Tip Sheet notes: Rosters still in flux

Teams in need of a wide receiver will likely give Matt Jones a close look in the coming week. Sam Greenwood/Getty Images

Young players who made their respective teams, but are stuck at the bottom of the roster, might hold off a bit in unpacking their suitcases or signing apartment leases. There is still considerable roster shuffling to be done around the league, and a good deal of it could take place next week.

Clubs have been reluctant so far to sign "vested" veterans (four seasons or more of service), because their base salaries are guaranteed if they are on an opening-day roster. So many teams will attempt to make it through the opening weekend with the players they have, and wait until next week, when the guarantee disappears, to sign veteran vested players who are suddenly looking for jobs. Then teams will be liable to the veterans on a prorated basis, based only on the number of games they are on the roster.

The financial difference between vested veterans and rookies is a substantial one. The minimum base salary for a player with 4-6 seasons of accrued service is a $635,000. For a rookie, it's less than half that amount, $310,000.

As of Thursday evening, only eight vested veterans who were released last weekend had signed with new teams. There were, however, 16 younger (and cheaper) players released who were claimed on waivers.

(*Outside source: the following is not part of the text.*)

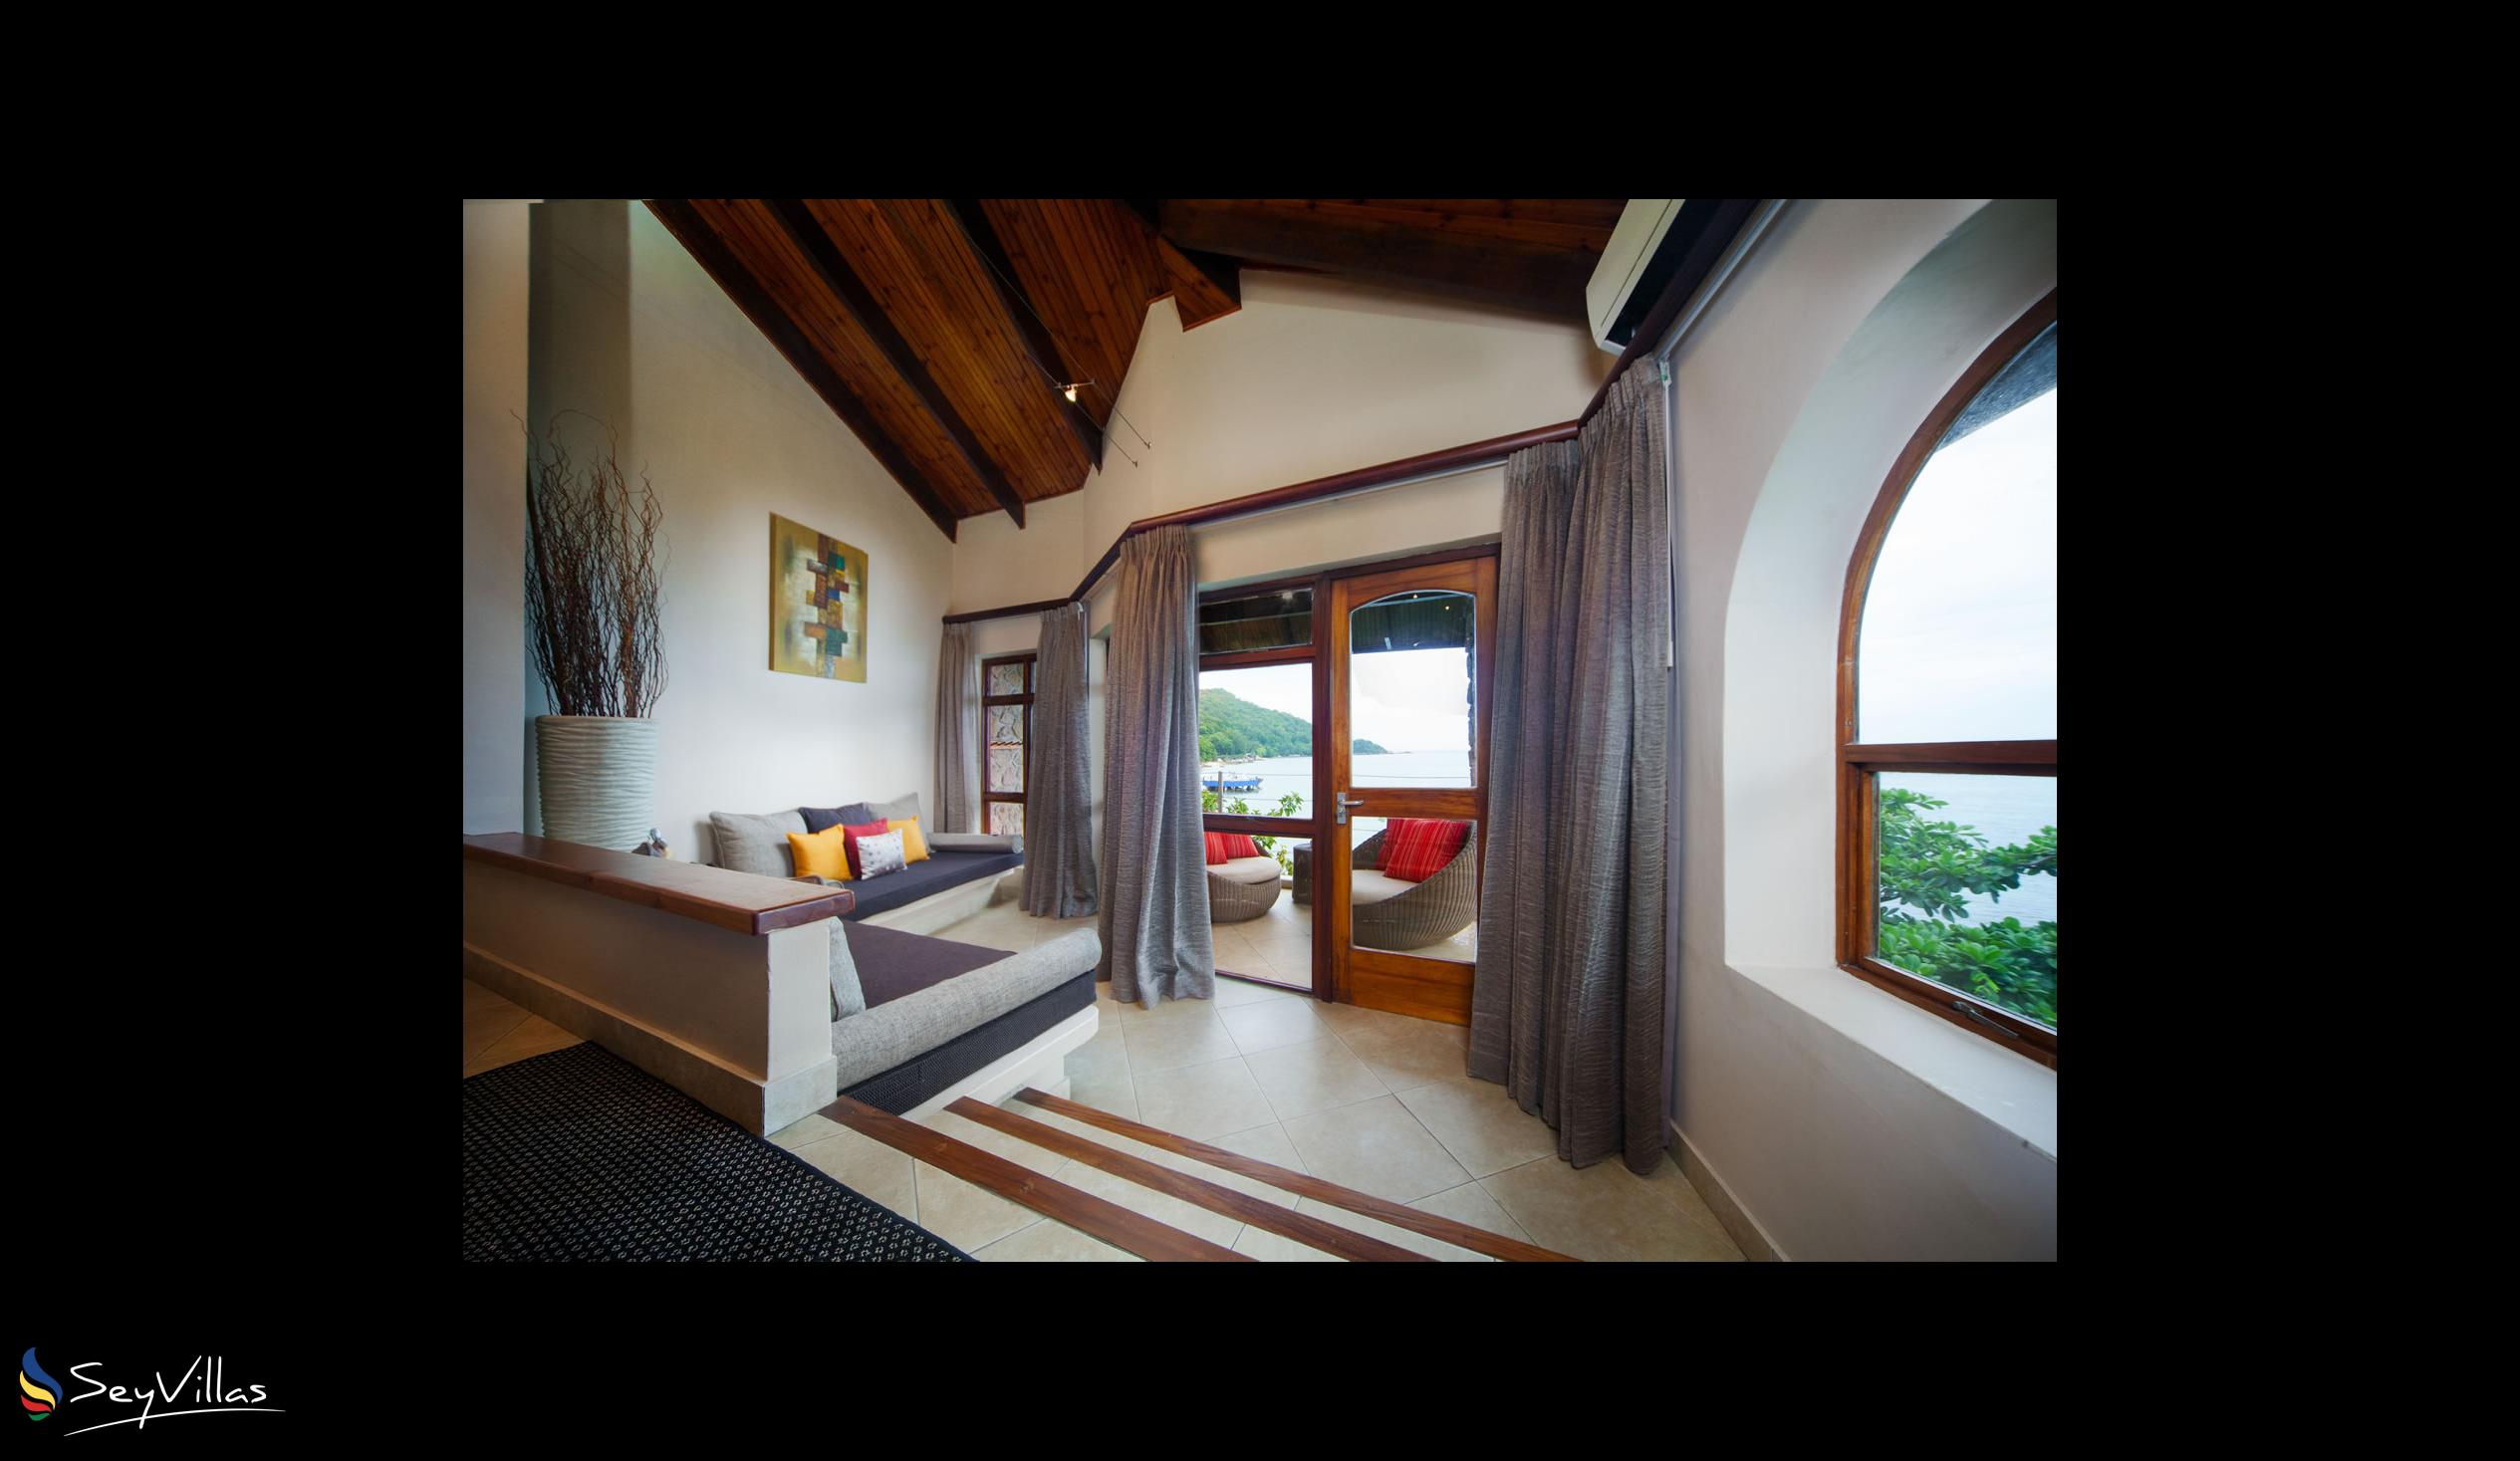 Photo 78: Coco de Mer & Black Parrot Suites - Standard - Praslin (Seychelles)

It will be surprising if some vested veterans -- like defensive tackle Terdell Sands (cut by Oakland), offensive tackle Langston Walker (Buffalo), cornerback Roderick Hood (Chicago), and former first-round wide receiver Matt Jones (released by Jacksonville earlier this spring) -- don't get signed next week. Franchises often don't want to commit guaranteed salaries to players who have been released by another team, no matter the reason, and the guarantee becomes a non-factor next week.

His off-field problems aside, expect Jones to sign somewhere in the next week or so. Jones recently had a terrific workout for Tennessee, an audition in which the former Arkansas star didn't drop a pass, and in the NFL talent trumps all else. Jones is still only 26 years old and, although he may never live up to his first-round status (2005), the four-year veteran figures to get a second chance with some team. Jones had 65 catches in only 12 games in 2008. Extrapolate that over a 16-game season, and it is 87 receptions.